Even at Palomares, where all the nuclear bombs that were dropped were eventually recovered, the land is still contaminated with radiation from two that detonated with conventional explosives. Some of the US military personnel who helped with the initial clean-up efforts – involving shoveling the surface of the soil into barrels – have since developed mysterious cancers which they believe are linked. In 2020, a number of survivors filed a class action suit against the Secretary of Veterans Affairs – though many of the claimants are currently in their late 70s and 80s.
Meanwhile, the local community has been campaigning for a more thorough clean-up for decades. Palomares has been dubbed “the most radioactive town in Europe”, and local environmentalists are currently protesting against a British company’s plans to build a holiday resort in the area.
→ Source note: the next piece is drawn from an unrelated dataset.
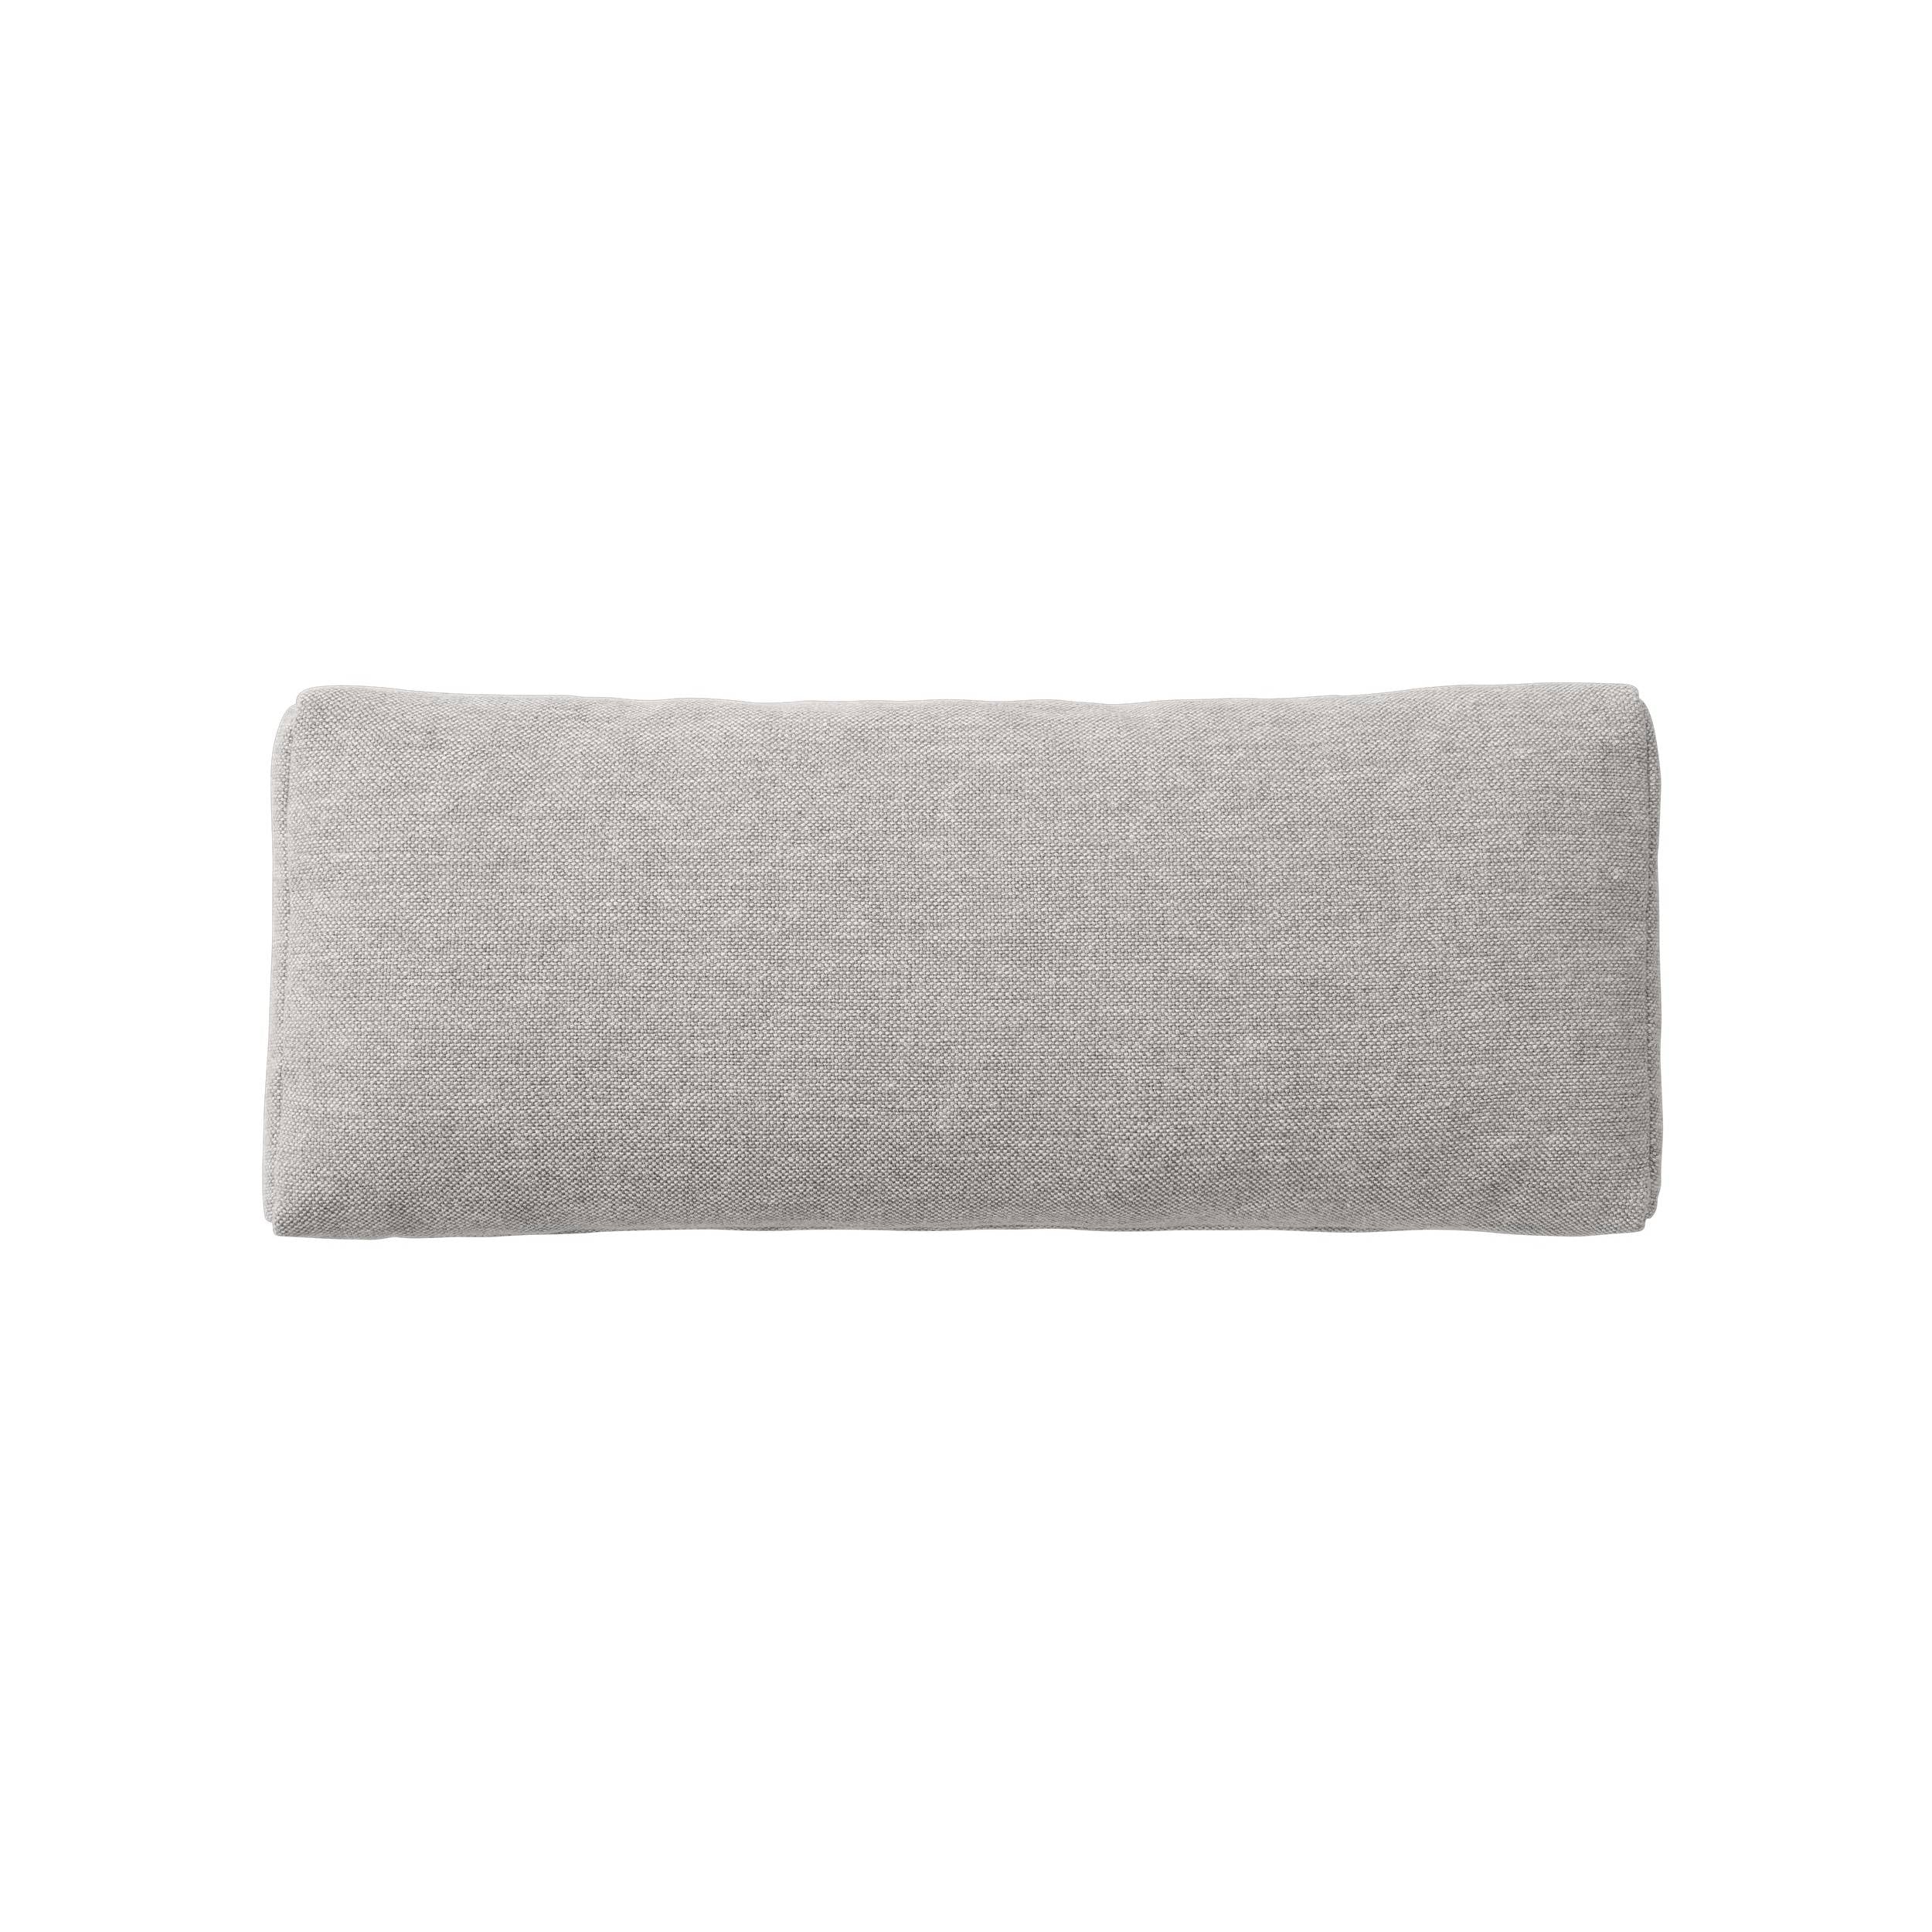 Connect Soft Sofa Modules: Cushion + Clay 12

Lewis is confident that losses of the kind that occurred during the Cold War are unlikely to happen again, mostly because operation Chrome Dome ended in 1968, and planes carrying nuclear bombs no longer fly around on regular training exercises. “Airborne alerts ended for reasons that must be obvious to us,” he says. “In the end, the decision was made that it was too dangerous.”
The exception to this progress is, of course, nuclear submarines – and even today, there are near-misses. The US currently has 14 ballistic missile submarines (SSBNs) in operation, while France and the UK have four each.
To work as nuclear deterrents these submarines must remain undetected during operations at sea, and this means they can’t send any signals to the surface to find out where they are. Instead, they must navigate mostly by inertia – essentially, the crew relies on machines equipped with gyroscopes to calculate where the submarine is at any given time based on where it was last, what direction it was headed and how fast it was traveling. This potentially imprecise system has resulted in a number of incidents, including as recently as 2018 when a British SSBN almost bumped into a ferry.
The era of lost nuclear weapons might not be over just yet.